Clearly opinions vary :grin:  I've read the reasoning for not upgrading Smuggs lift capacity, and it makes sense.  I just found the lines long and lifts slow.  We were staying at the Morse base area so going back and forth from Madonna to Morse was painful.


----------



## Abubob (Mar 4, 2013)

Beautiful photos.


----------



## MadMadWorld (Mar 4, 2013)

riverc0il said:


> I was at Smuggs as well today. Man, I love that mountain. Best lift setup in all of New England with exception of MRG. All Hall doubles, what is not to love? People complain about the lifts but you don't hear any one complain about crowded trails or conditions deteriorating too quickly due to too much traffic. Lines were not bad at all today... don't think I spent more than 15 minutes in line at peak. Killer day.



They do give you a swift kick in the ass when you get on them


----------



## Cornhead (Mar 4, 2013)

Great pics, the snow clinging to the tree branches is stunning, now I need to get up there to use my voucher. Did you get in on the Fox 44 deal?


----------



## bdfreetuna (Mar 4, 2013)

Looks like the prime of winter up there right now


----------



## SKI-3PO (Mar 4, 2013)

Yes, I should've said this trip is sponsored by Fox 44


----------



## SKI-3PO (Mar 4, 2013)

BTW it seems to look like that everywhere in NNE right now.  Same at MRG today.  Everyone really needs to get up in that area for great skiing right now.


----------



## marcski (Mar 4, 2013)

riverc0il said:


> I was at Smuggs as well today. Man, I love that mountain. Best lift setup in all of New England with exception of MRG. All Hall doubles, what is not to love? People complain about the lifts but you don't hear any one complain about crowded trails or conditions deteriorating too quickly due to too much traffic. Lines were not bad at all today... don't think I spent more than 15 minutes in line at peak. Killer day.



Riv...just another reason to LOVE Platty...a Hall double and a Hall triple. They just keep going and going ....what's a wind hold?  Simple, efficient and time proven. 

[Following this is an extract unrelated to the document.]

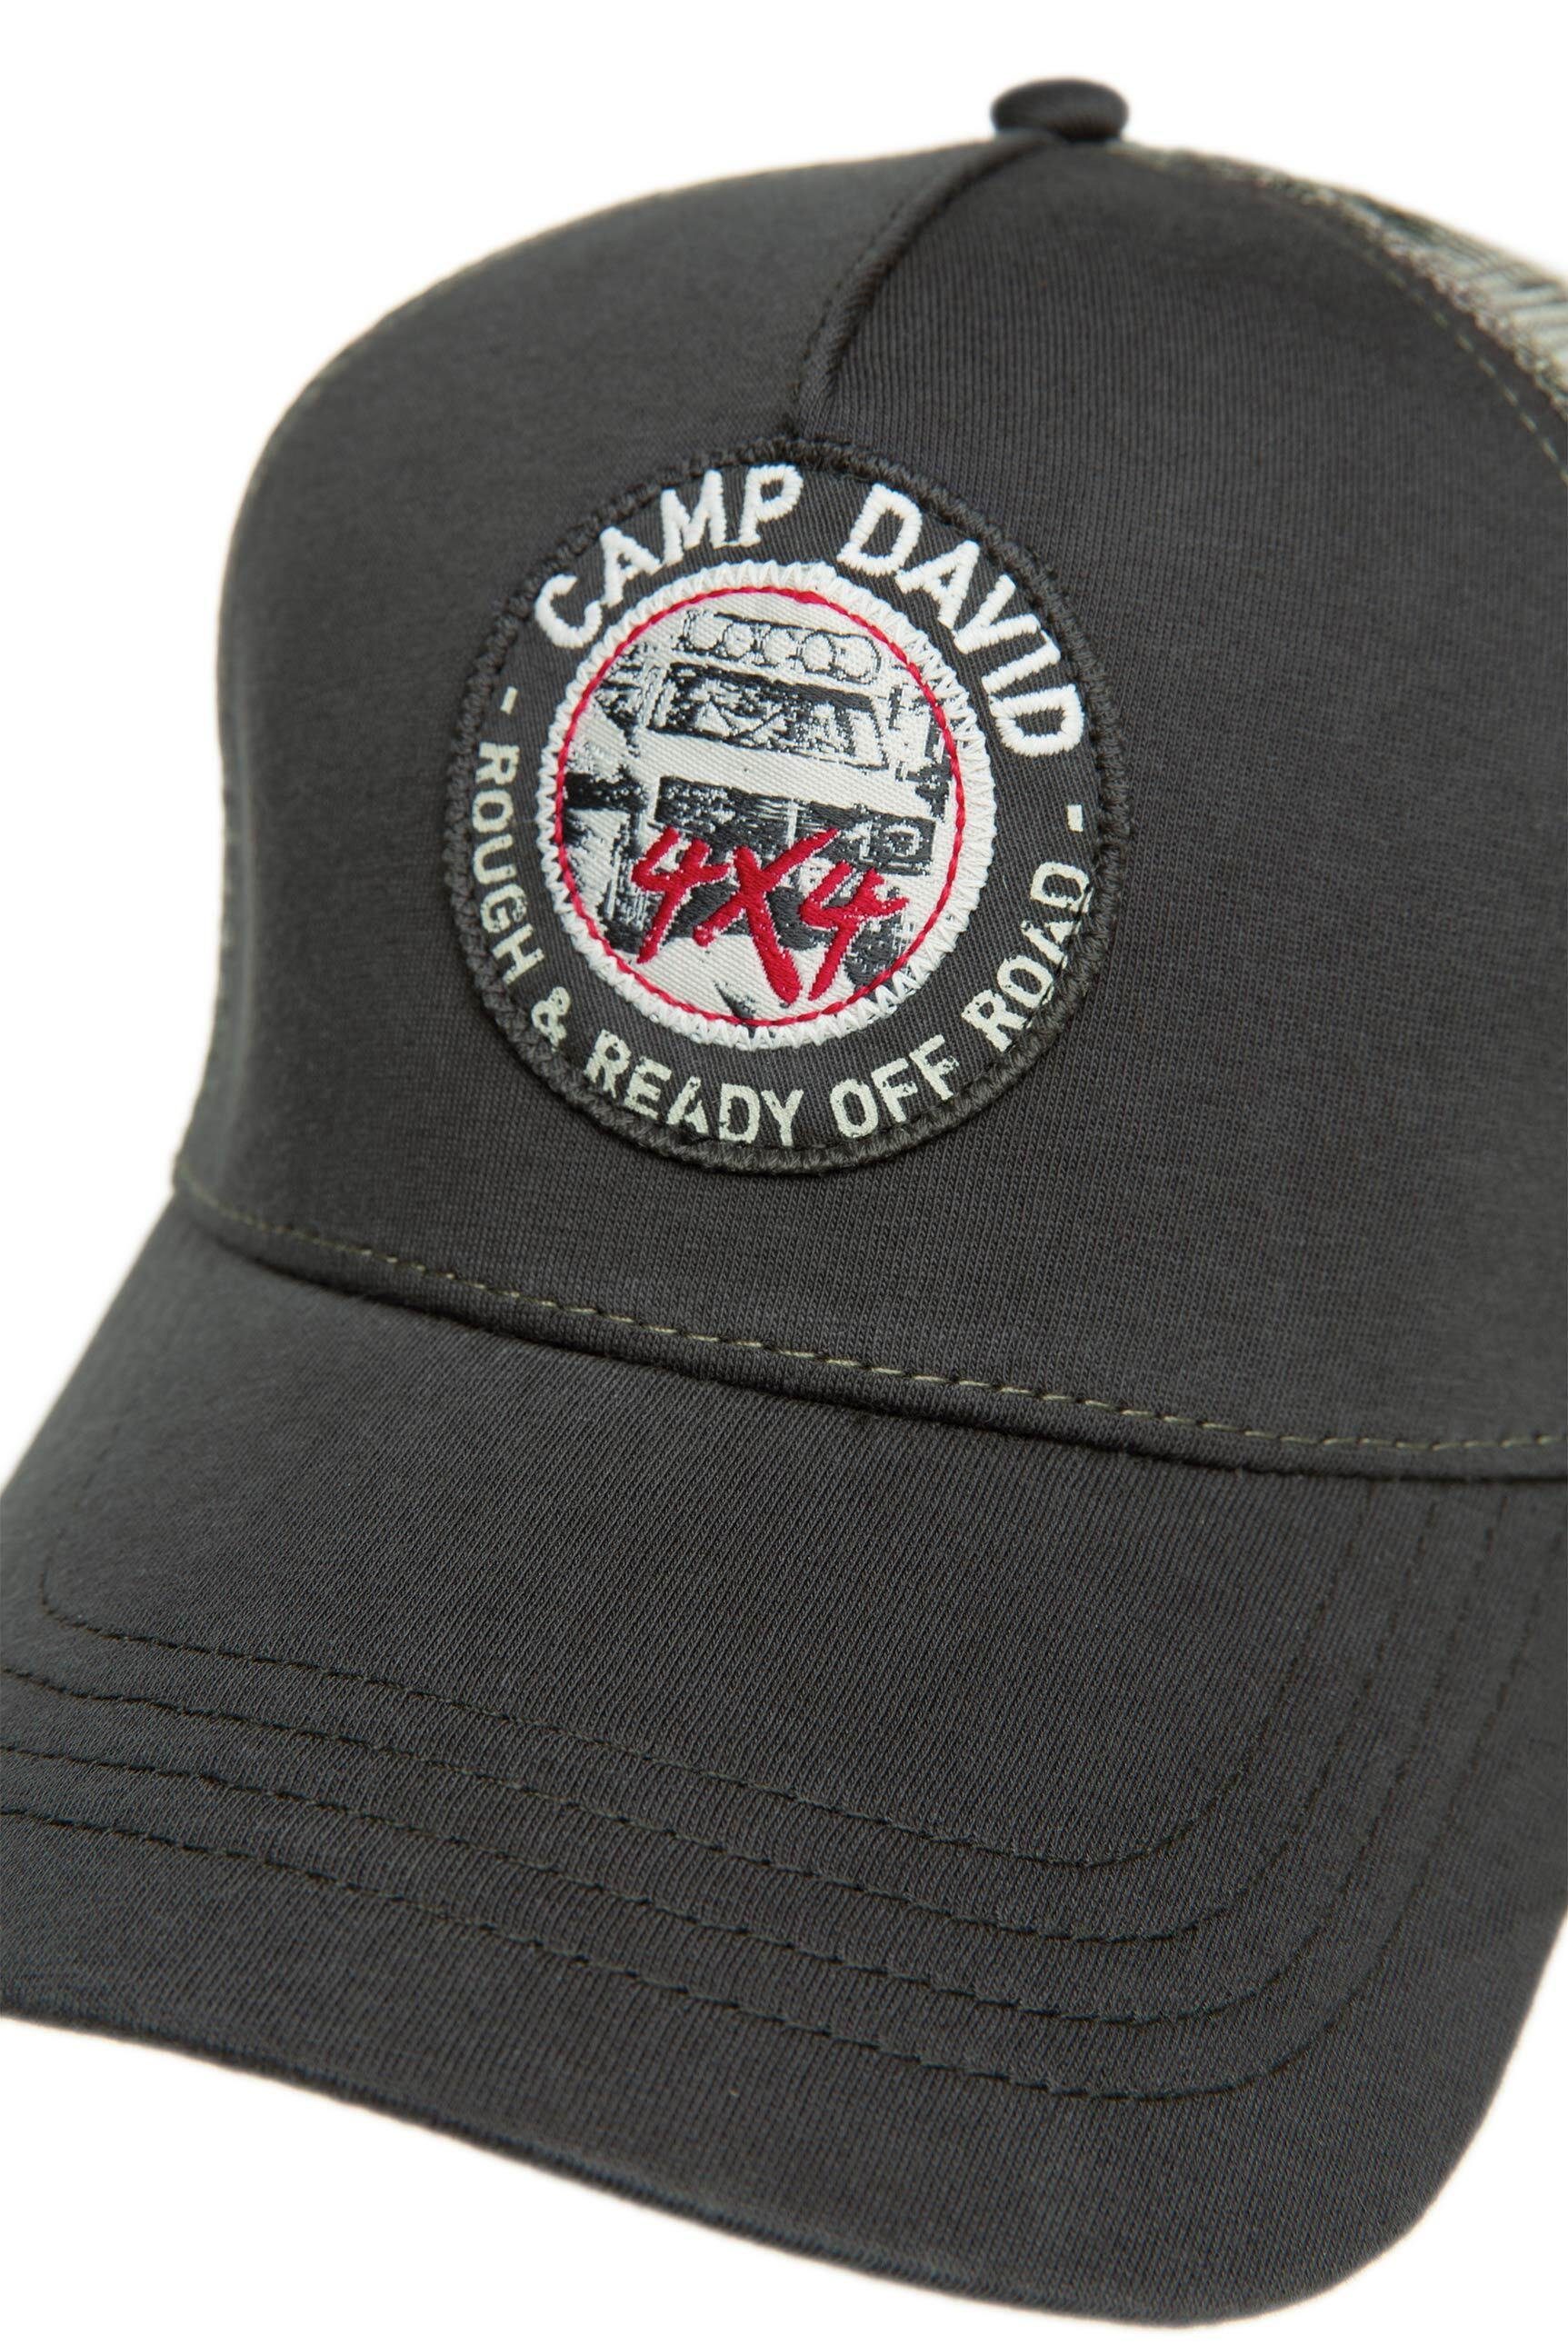 CAMP DAVID Trucker mit hinten Cap Netzeinsatz

Smuggs is on my to-do list.


----------



## ScottySkis (Mar 4, 2013)

marcski said:


> Riv...just another reason to LOVE Platty...a Hall double and a Hall triple. They just keep going and going ....what's a wind hold?  Simple, efficient and time proven.
> 
> Smuggs is on my to-do list.



Platty lifts always run, never seen a wind hold yet.


----------



## xwhaler (Mar 5, 2013)

SKI-3PO said:


> Yes, I should've said this trip is sponsored by Fox 44



Remind us again which vouchers were included on this deal? I know it's long since expired but I'd love to get in on this for next yr since it appears this was a great find and legit.


----------



## Cheese (Mar 5, 2013)

Great report and pics.  You mentioned both snow and fog.  Is that snow or rime ice clinging to the trees?


----------



## Cornhead (Mar 5, 2013)

xwhaler said:


> Remind us again which vouchers were included on this deal? I know it's long since expired but I'd love to get in on this for next yr since it appears this was a great find and legit.


I got in on it too:

MRG
Smuggs
Cannon
Jay
Burke
Gore
Titus
Suicide Six
Owl's Head

So far I've used Gore, Titus, and Cannon, best deal I've ever seen. If you use them all, its $13.78 per lift ticket. The card looks a little suspect, looks like someone printed it out on their home ink jet printer, but I've had no issues redeeming the ones I have. It's transferable too, which is nice.:wink:


----------



## xwhaler (Mar 5, 2013)

That's an amazing deal....will definitely be on the lookout for next season. I think I could legitimately use all but Titus, Gore, and Owl's Head next season w/o much issue.


----------



## emmaurice2 (Mar 5, 2013)

Nice pics and report.  Sounds like a great day, even if you weren't a fan of the lift system.


----------



## SKI-3PO (Mar 5, 2013)

Yes, it was a great day...sorry if it came off as negative.


----------



## Edd (Mar 5, 2013)

SKI-3PO said:


> Yes, it was a great day...sorry if it came off as negative.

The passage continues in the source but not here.